On the other side of the road, a gate with a curved sign proclaiming ‘Presbyterian Church Nongsawlia Cemetry 1845’ leads the way to the cemetery scattered over I think, 3 small hillocks with the farthest right on the edge of a plateau and offering panoramic views of the gorges beyond. The first 2 hillocks are studded with graves adorned with headstones of departed Welsh- and Englishfolk. Many of these headstones are now half-sunken, a few further embellished with protective rings of iron grill. Some of these headstones are more like ‘head-towers’, fashioned out of stone bricks and into vertical columns much like the stone monoliths which Khasi people used to erect as memorials for their forefathers, and which dot the hilly landscape all over. The last hillock contains more recent graves of Khasi dead – some modern graves now decorated with ceramic tiles of floral patterns and covered with colourful artificial flower bouquets left behind by the grieving.

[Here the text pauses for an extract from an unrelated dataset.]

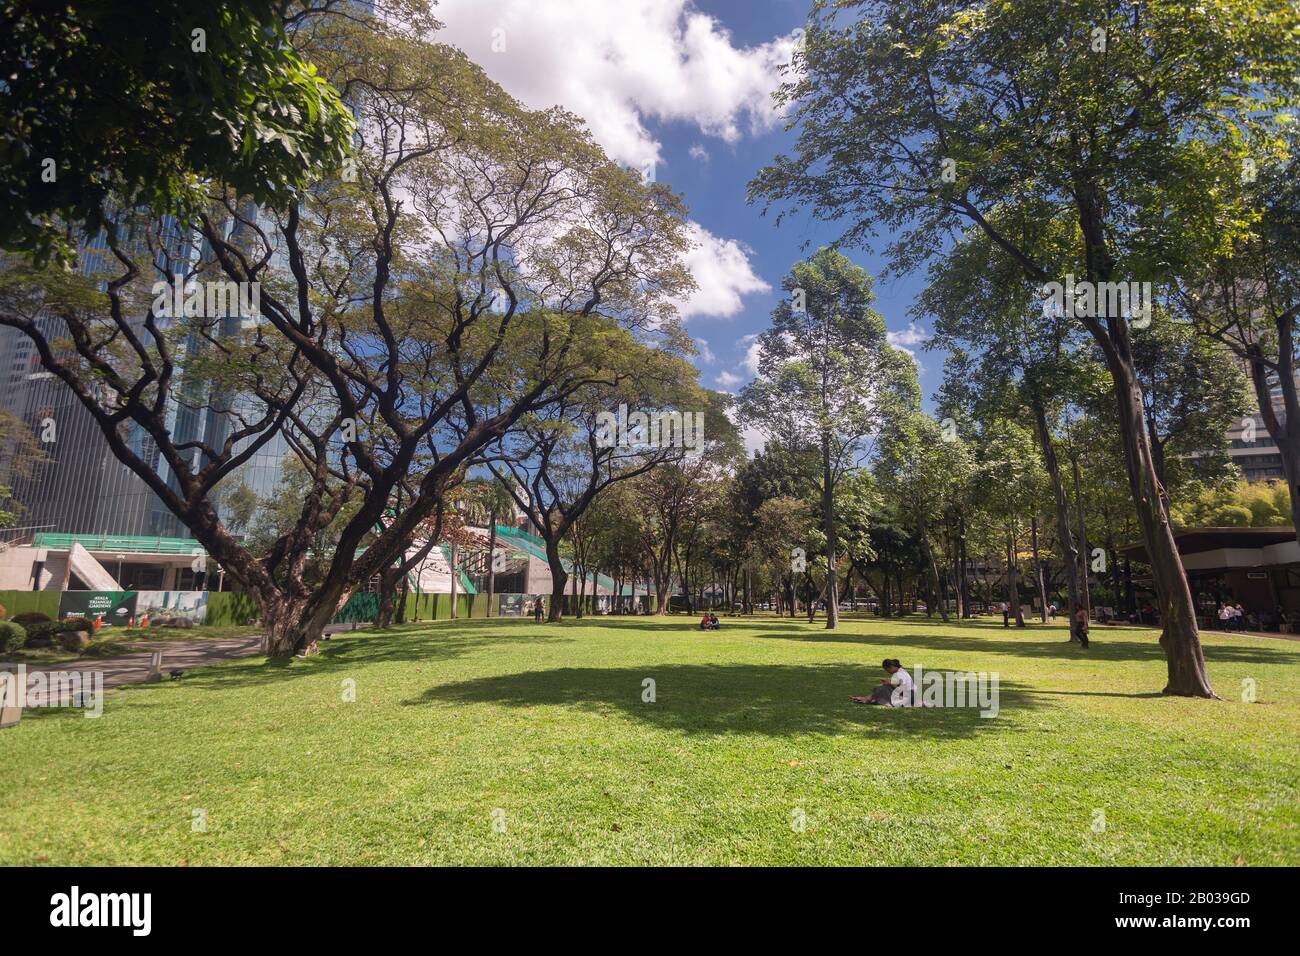 Métro Manille, Philippines - 12 février 2020: Ayala Triangle jardins et parc à Makati, une journée ensoleillée Banque D'Images

Beyond the stones and the buildings lie the stories of people who strived for something singular and whose efforts are now forever a part of the Cherrapunjee and perhaps, Khasi way of life. The Welsh missionaries, who first came to these hills bearing the words of the Lord, were supported by the honest folk of Wales impoverished themselves, who were moved sufficiently to improve the lot of peoples whom they had not even heard of or met. Still suffering under the constraints of the Napoleonic wars which had severely affected them, folks of distant Welsh towns like Anglesey and Denbigh set aside a portion of their produce or livestock as charity for the Bible Society which spearheaded the missionary drive. Possessing neither riches nor much education the Welsh people contributed with extraordinary fervor and resolve, to send forth these missionaries

The first Welsh missionaries landed at Cherrapunjee on 22nd June, 1841 and proceeded to reform many aspects of the Khasi way of life by imparting practical skills in agriculture, distilling, mining, education and religion. They also introduced the first Khasi script using Roman alphabets and enriched the lives of the local population in ways, which were far-reaching. Clothes, embroidery patterns, reading and writing, medicine, designs in crockery, using coal in limestone kilns – the Welsh missionaries worked in ways of spreading the Gospel that “joyful sound shall have reached the uttermost parts”. Subsequently, the missionaries moved to other parts of Meghalaya like Shillong, shaping positively the lives of Khasi and Jaintia people.

It is indeed heart-warming and inspiring to reflect on the stories of these people behind the crumbling headstones and weathered plaques. A little bit of the hills of Cambria will forever live on in our hills of the Khasi and Jaintia people.